Become the postgres user, and initialize the new cluster:

[postgres]$ initdb -D /pathto/pgroot/data

Edit postgresql.service to create a drop-in file and override the Environment and PIDFile settings. For example:

/etc/systemd/system/postgresql.service.d/PGROOT.conf

[Service]
Environment=PGROOT=/pathto/pgroot
PIDFile=/pathto/pgroot/data/postmaster.pid

If you want to use /home directory for default directory or for tablespaces, add one more line in this file:

ProtectHome=false

Change default encoding of new databases to UTF-8

When creating a new database (e.g. with createdb blog) PostgreSQL actually copies a template database. There are two predefined templates: template0 is vanilla, while template1 is meant as an on-site template changeable by the administrator and is used by default. In order to change the encoding of a new database, one of the options is to change on-site template1. To do this, log into PostgreSQL shell (psql) and execute the following:

First, we need to drop template1. Templates cannot be dropped, so we first modify it so it is an ordinary database:

UPDATE pg_database SET datistemplate = FALSE WHERE datname = 'template1';

Now we can drop it:

DROP DATABASE template1;

The next step is to create a new database from template0, with a new default encoding:

CREATE DATABASE template1 WITH TEMPLATE = template0 ENCODING = 'UNICODE';

Now modify template1 so it is actually a template:

UPDATE pg_database SET datistemplate = TRUE WHERE datname = 'template1';

Optionally, if you do not want anyone connecting to this template, set datallowconn to FALSE:

UPDATE pg_database SET datallowconn = FALSE WHERE datname = 'template1';

Now you can create a new database:

[postgres]$ createdb blog

If you log back in to psql and check the databases, you should see the proper encoding of your new database:

\l

                              List of databases
  Name    |  Owner   | Encoding  | Collation | Ctype |   Access privileges
-----------+----------+-----------+-----------+-------+----------------------
blog      | postgres | UTF8      | C         | C     |
postgres  | postgres | SQL_ASCII | C         | C     |
template0 | postgres | SQL_ASCII | C         | C     | =c/postgres
                                                     : postgres=CTc/postgres
template1 | postgres | UTF8      | C         | C     |

Enable data checksumming

If your database files reside on a file system without checksumming, its data is suspectible to silent data corruption due to bit rot and broken hardware.

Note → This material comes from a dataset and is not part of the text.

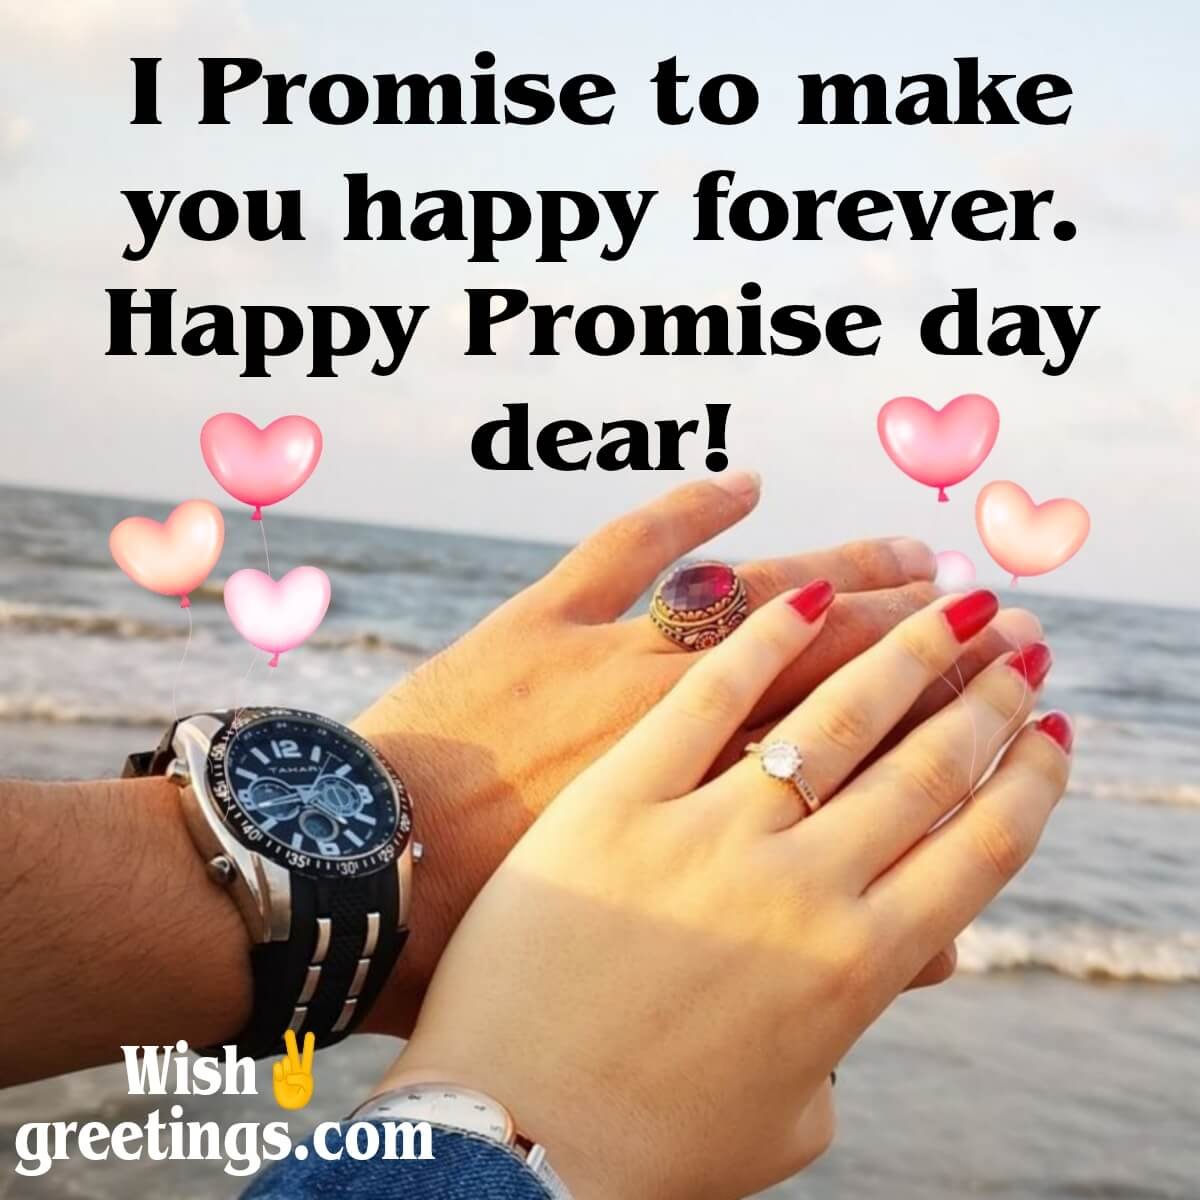 Happy Promise Day Dear

While those events are rare, you might want to enable PostgreSQL's built-in data checksumming if you care about data integrity. This feature must be enabled on the cluster level, not per-database or per-table.

• To enable checksumming during cluster creation, add the --data-checksums argument to initdb.
• To verify whenever checksumming is enabled, run [postgres]$ psql -c "SHOW data_checksums" (which should print off or on).
• To toggle checksumming on an existing cluster:

1. Stop postgresql.service.
2. Run [postgres]$ pg_checksums --pgdata /var/lib/postgres/data --enable (or --disable if you no longer want checksumming). Enabling checksums will rewrite all database pages, which will take a while for large database instances.
3. Start postgresql.service.

Graphical tools

• phpPgAdmin — Web-based administration tool for PostgreSQL.

https://github.com/phppgadmin/phppgadmin || phppgadmin

• pgAdmin — Comprehensive design and management GUI for PostgreSQL.

https://www.pgadmin.org/ || pgadmin3^AUR or pgadmin4

• pgModeler — Graphical schema designer for PostgreSQL.

https://pgmodeler.io/ || pgmodeler^AUR

For tools supporting multiple DBMSs, see List of applications/Documents#Database tools.

Upgrading PostgreSQL

Upgrading major PostgreSQL versions requires some extra maintenance.

Get the currently used database version via

# cat /var/lib/postgres/data/PG_VERSION

To ensure you do not accidentally upgrade the database to an incompatible version, it is recommended to skip updates to the PostgreSQL packages.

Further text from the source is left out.